REQUIREMENT »
Return the full listing unchanged, apart from leaving out its images.

SUPPLIED INFORMATION »
◆ ◆ ◆

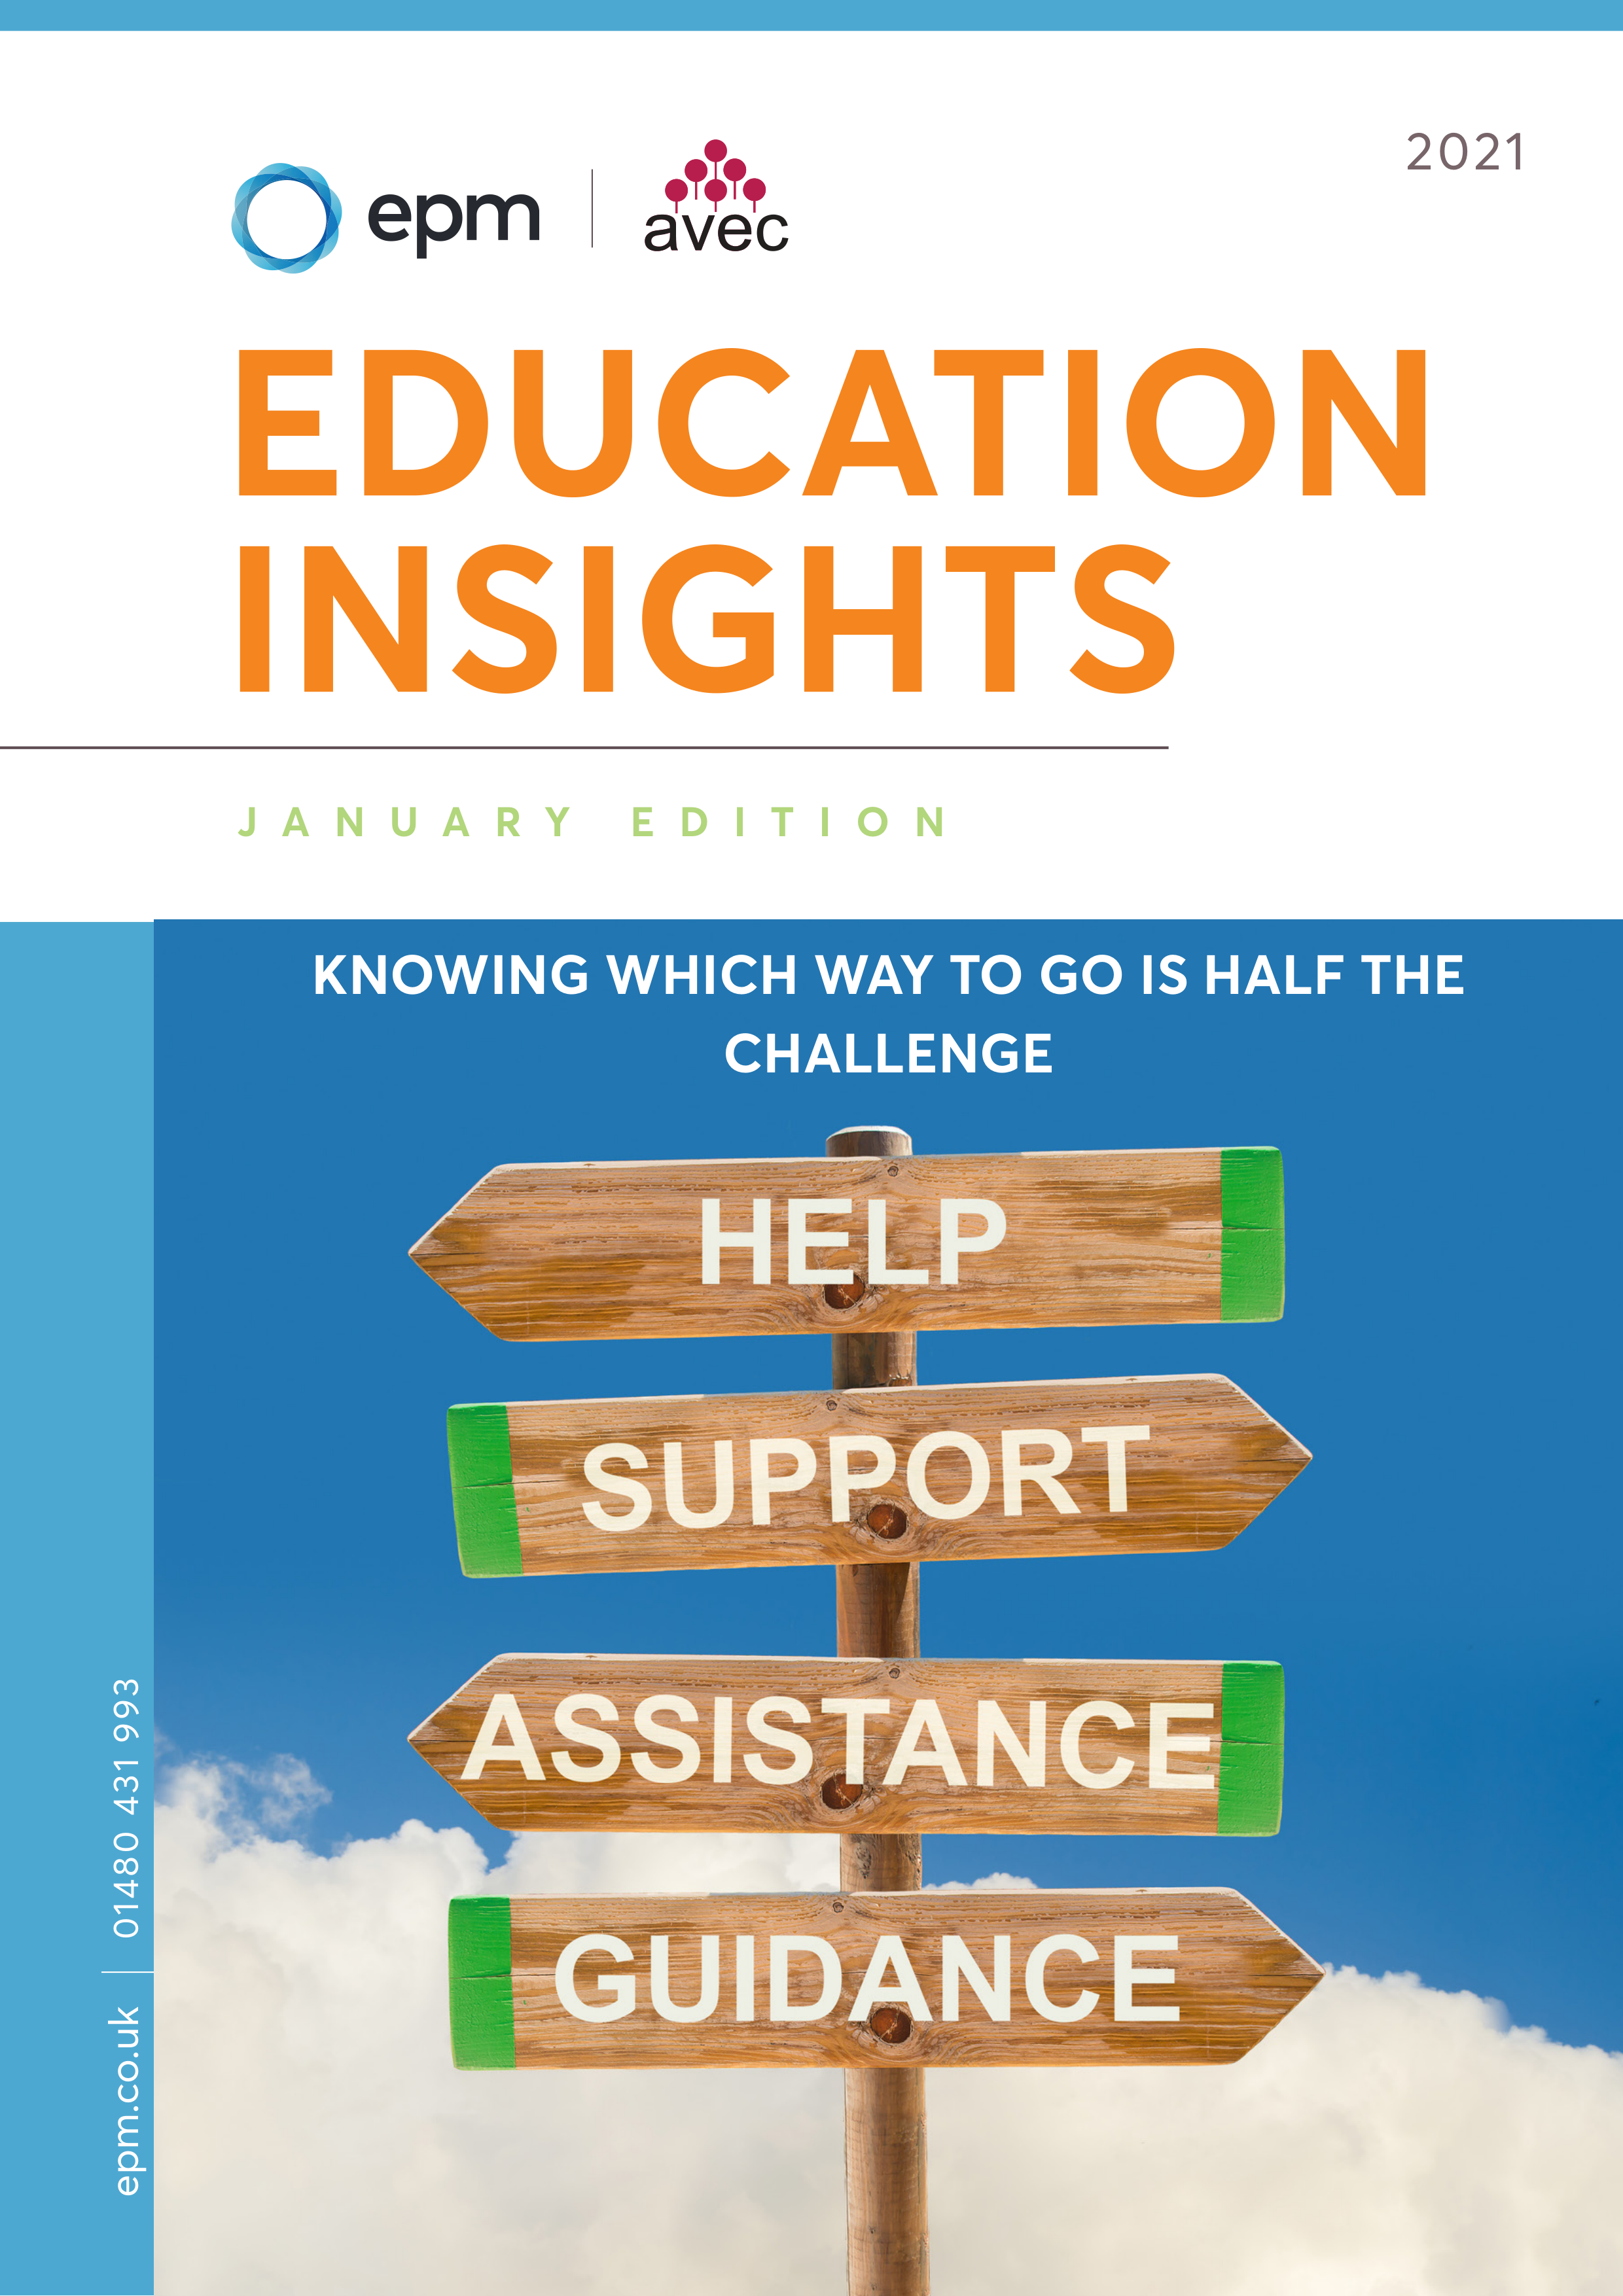 4. Education Insights January 21
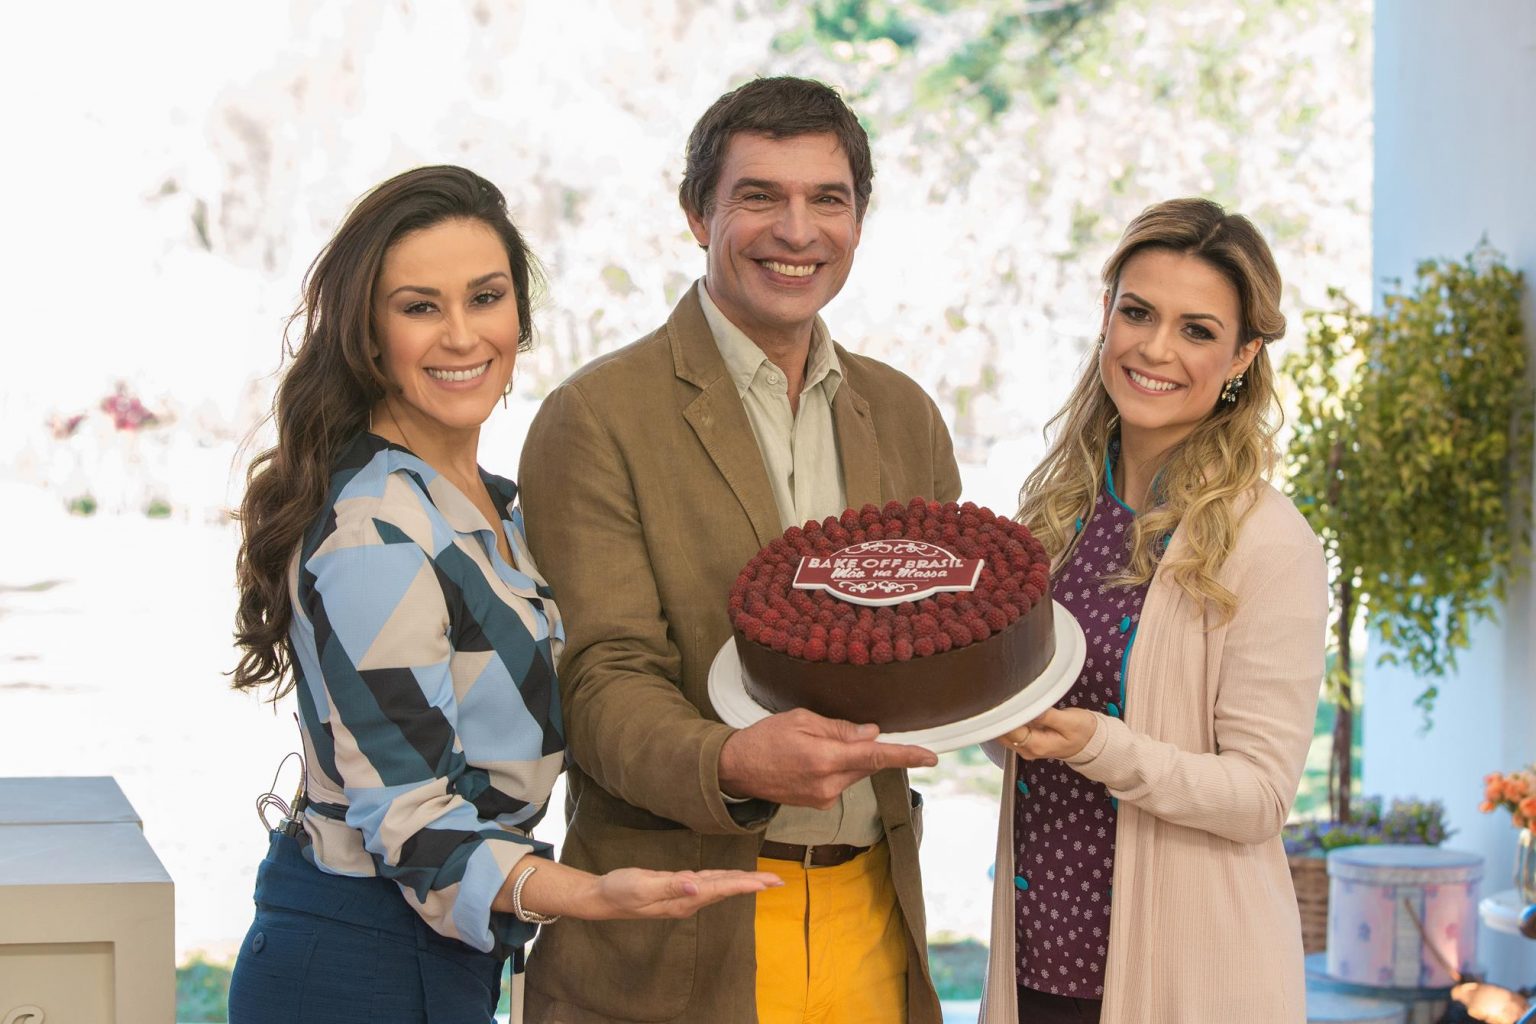 Especial Bake Off Brasil Celebridades confira os participantes
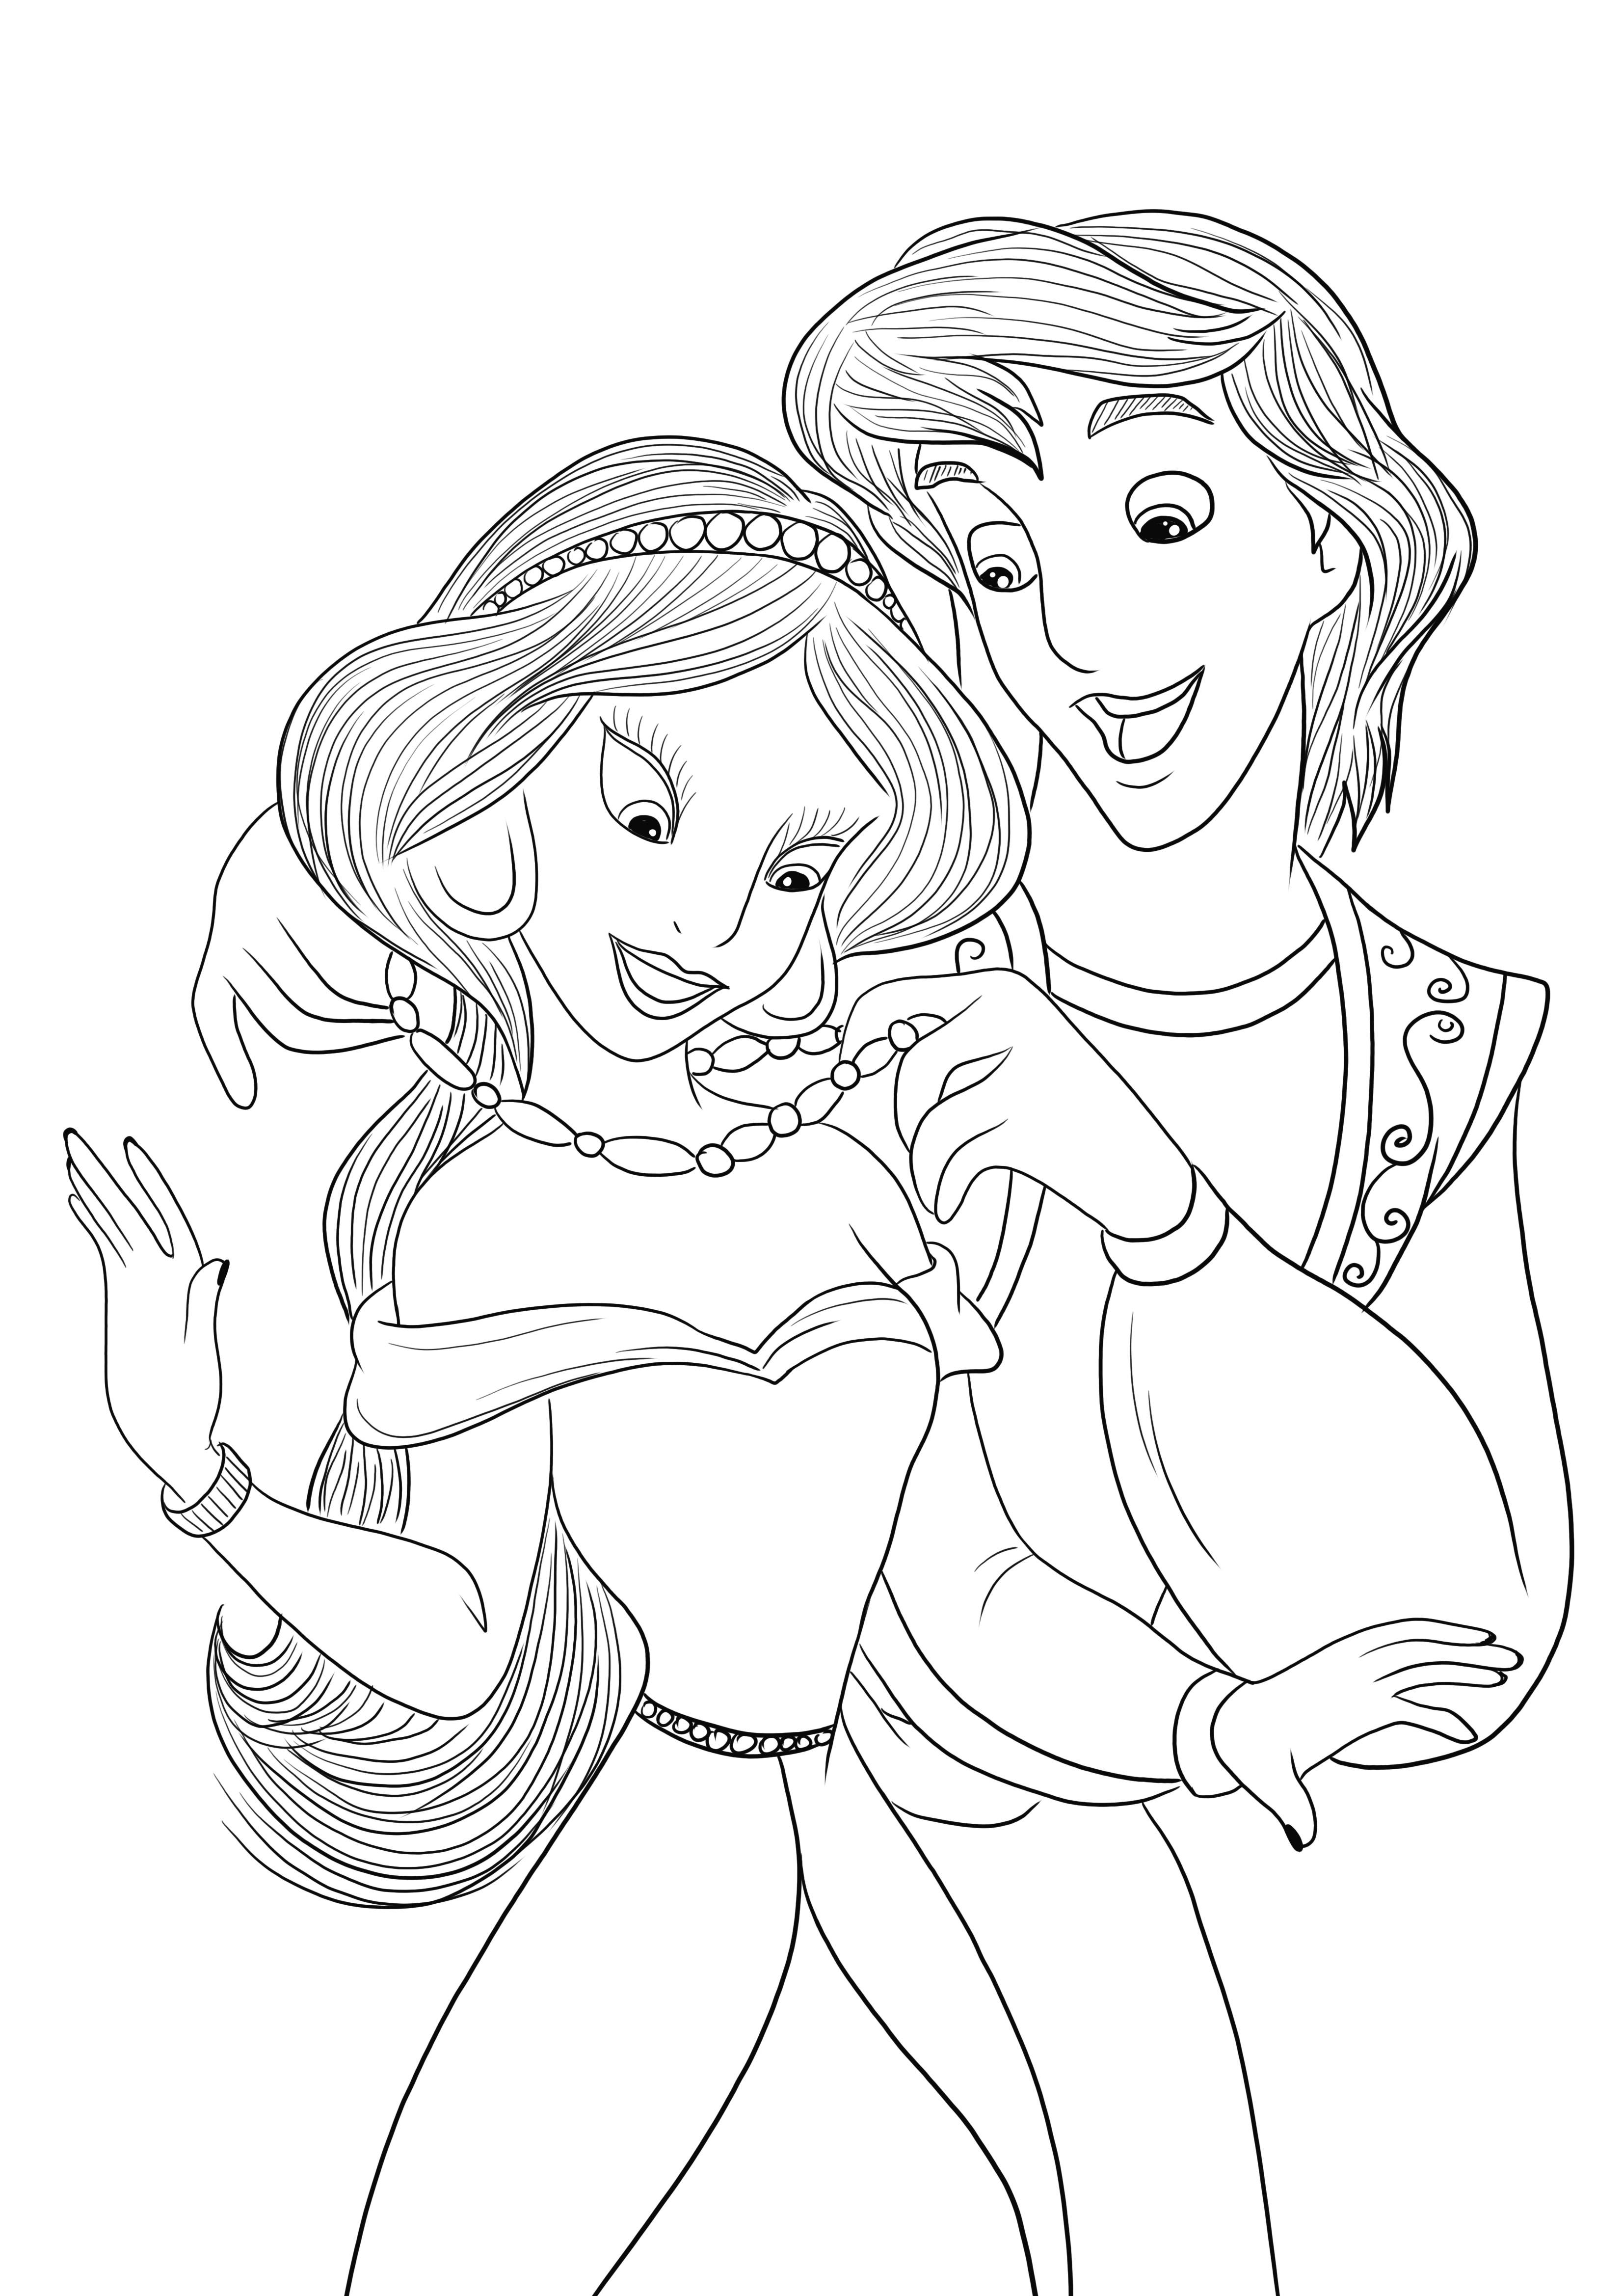 Download gratuito di immagini da colorare di Aladdin e Jasmine per i bambini da colorare

◆ ◆ ◆

SOLUTION »
 4. Education Insights January 21
 Especial Bake Off Brasil Celebridades confira os participantes
 Download gratuito di immagini da colorare di Aladdin e Jasmine per i bambini da colorare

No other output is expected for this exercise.